Voilà où s’enracine la responsabilité de QS pour les quatre années à venir : aider le peuple du Québec, les forces populaires du Québec, à se remettre en marche. Et pour cela, apprendre à réarticuler à travers une même lutte politique ce que la postmodernité nous pousse à ne concevoir qu’en silos séparés les uns des autres : les défis économiques, sociaux, nationaux, féministes, écologiques, autochtones et autres, ceux-là mêmes qu’il faut réapprendre à penser ensemble dans une lutte partagée. Ce n’est pas une mince tâche, d’autant moins que l’on a pu noter au Québec que les mouvements sociaux ne sont plus très actifs depuis quelques années, apparemment eux aussi emportés par une vague de frilosité préoccupante. L’histoire nous rappelle combien, un peu partout dans le monde, il est difficile pour un parti de gauche doté d’une certaine représentation parlementaire de résister aux pressions institutionnelles qui ne cessent de le pousser vers la droite. Québec solidaire, saura-t-il néanmoins garder le cap et, en cette ère de politiques droitières et populistes, ne pas avoir peur d’aller courageusement à contre-courant, tout en restant capable de s’ouvrir, loin de tout sectarisme, à des cercles chaque fois plus larges de sympathisantes et sympathisants ? N’est-ce pas ainsi qu’il est arrivé à ce qui, aujourd’hui, commence pour lui de manière si exaltante ? Sur fond de luttes collectives nouvelles et prometteuses, en tenant fermement la boussole de l’action politique rassembleuse et unificatrice[1], il ne doit donc oublier ni la détermination ni l’ouverture. Tel est le secret des victoires futures !

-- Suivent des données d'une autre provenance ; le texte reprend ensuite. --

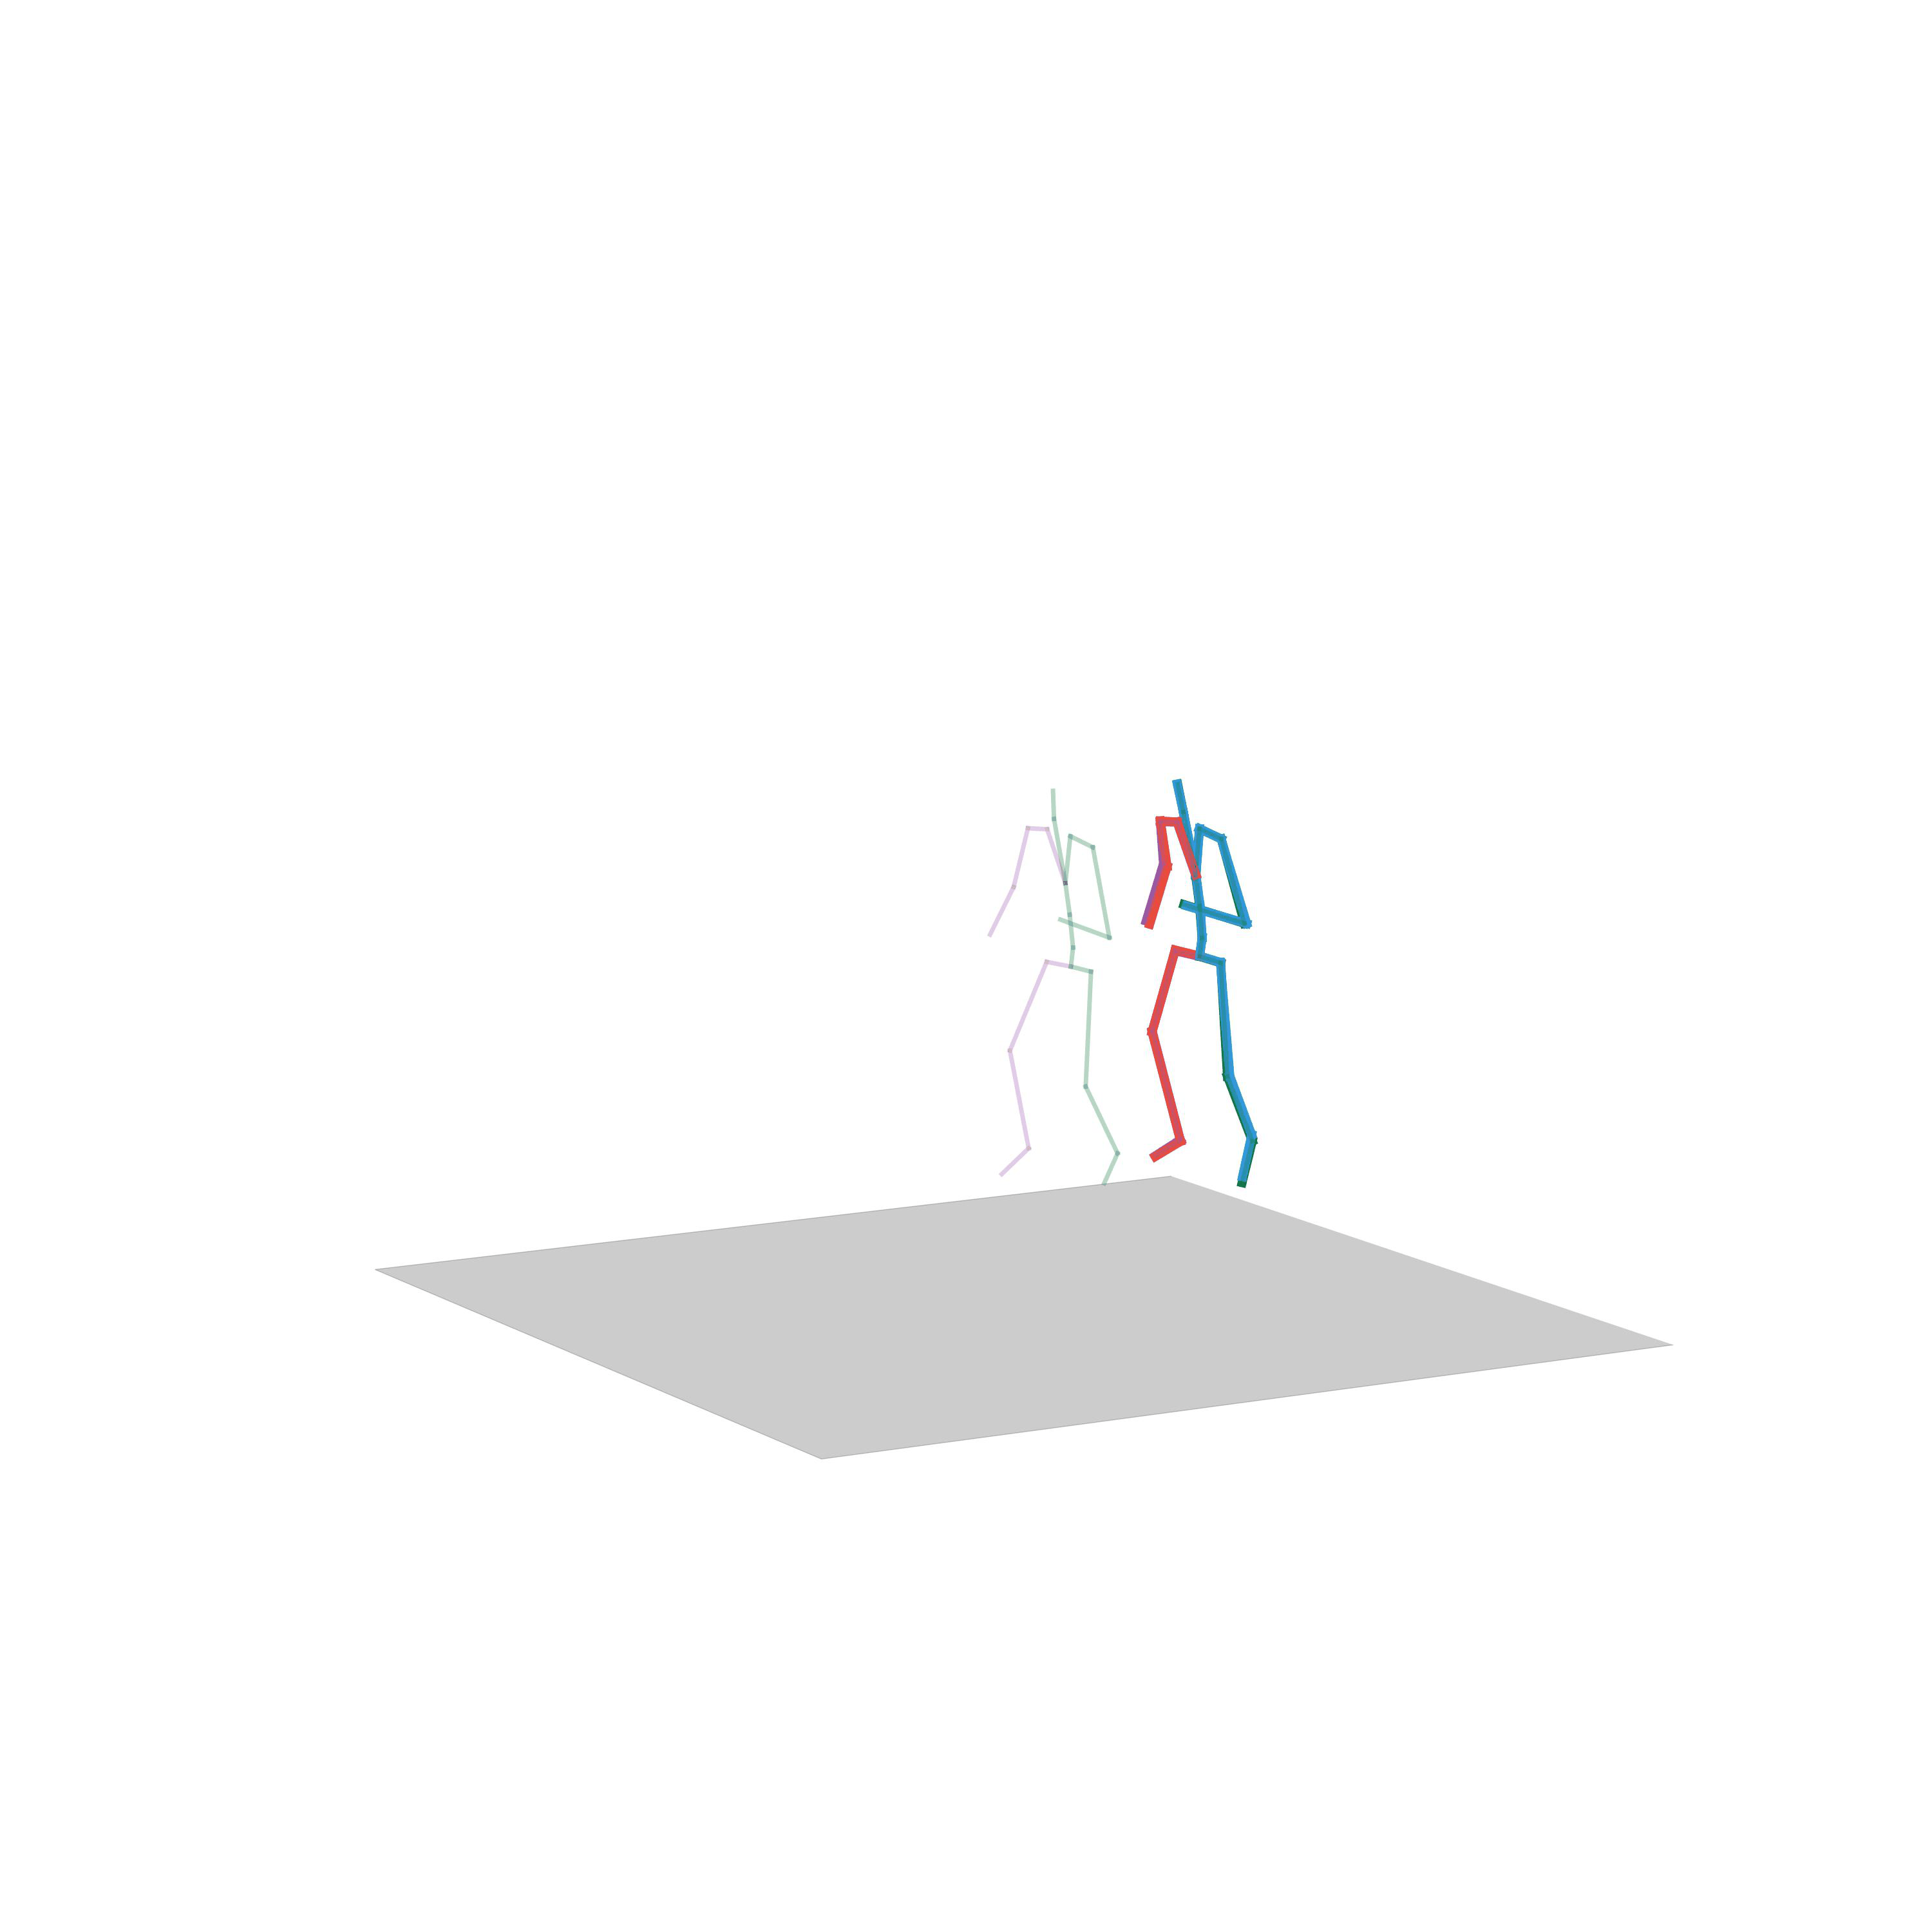 Walkavoiding Obstacles.Gif
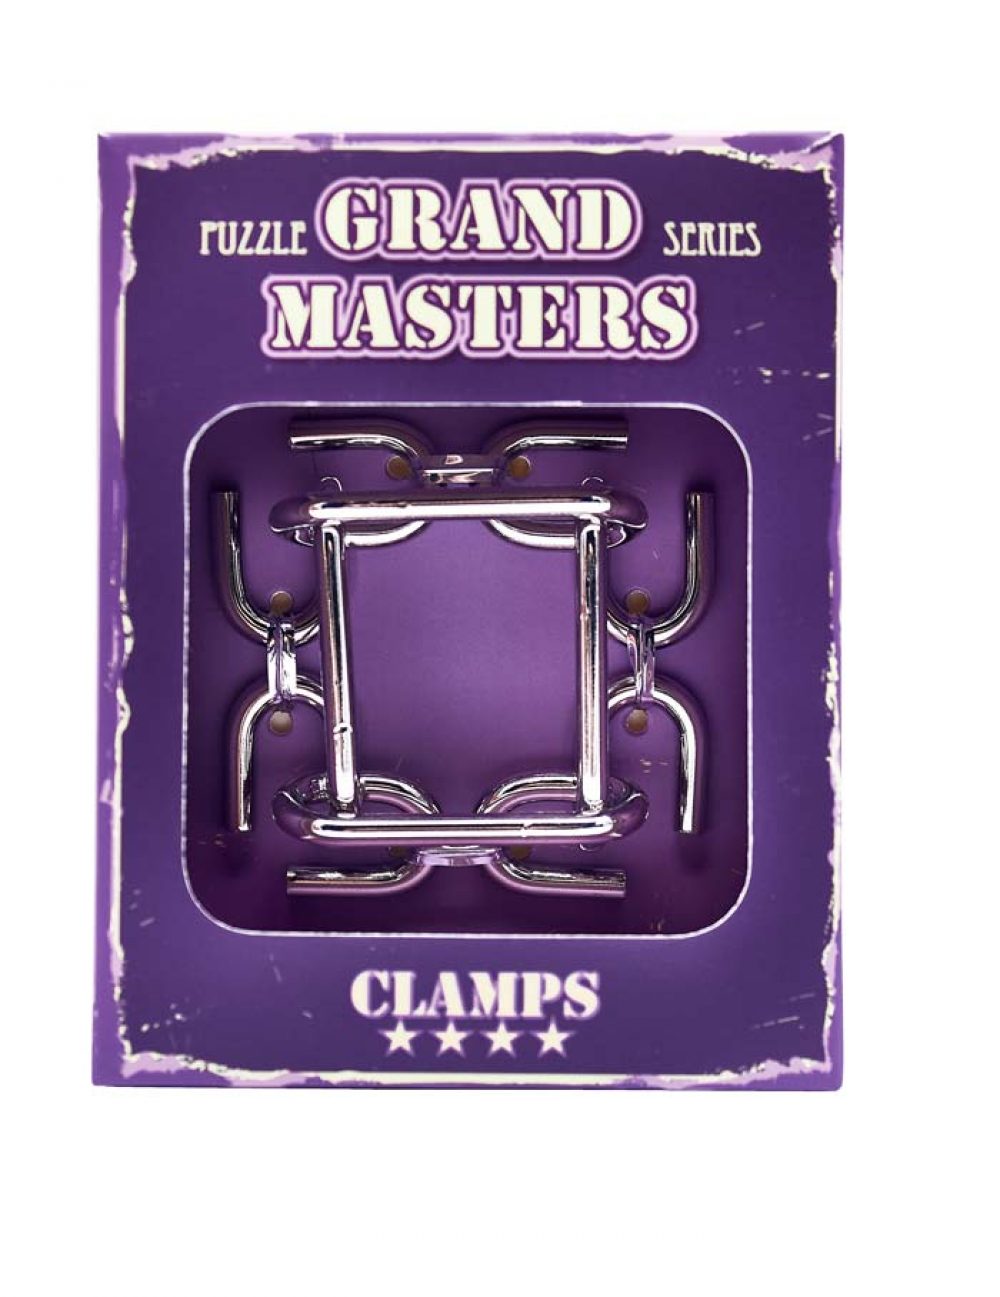 Grand Masters Clamps puzzel

Pierre Mouterde, sociologue et essayiste


  1. À cet égard, la revendication de l’indépendance à laquelle souscrit QS pourrait jouer un rôle stratégique central. Non seulement parce qu’elle peut, sur un territoire donné et grâce à un programme déterminé, réunir dans la lutte politique de larges secteurs des classes populaires (dans la mesure où bien évidemment l’on aura pensé de manière plurielle et inclusive), mais aussi parce qu’en cette ère d’individualisme grandissant marqué du sceau du néolibéralisme, elle fait concrètement resurgir le « nous » et avec lui des valeurs et un projet d’ordre essentiellement collectif.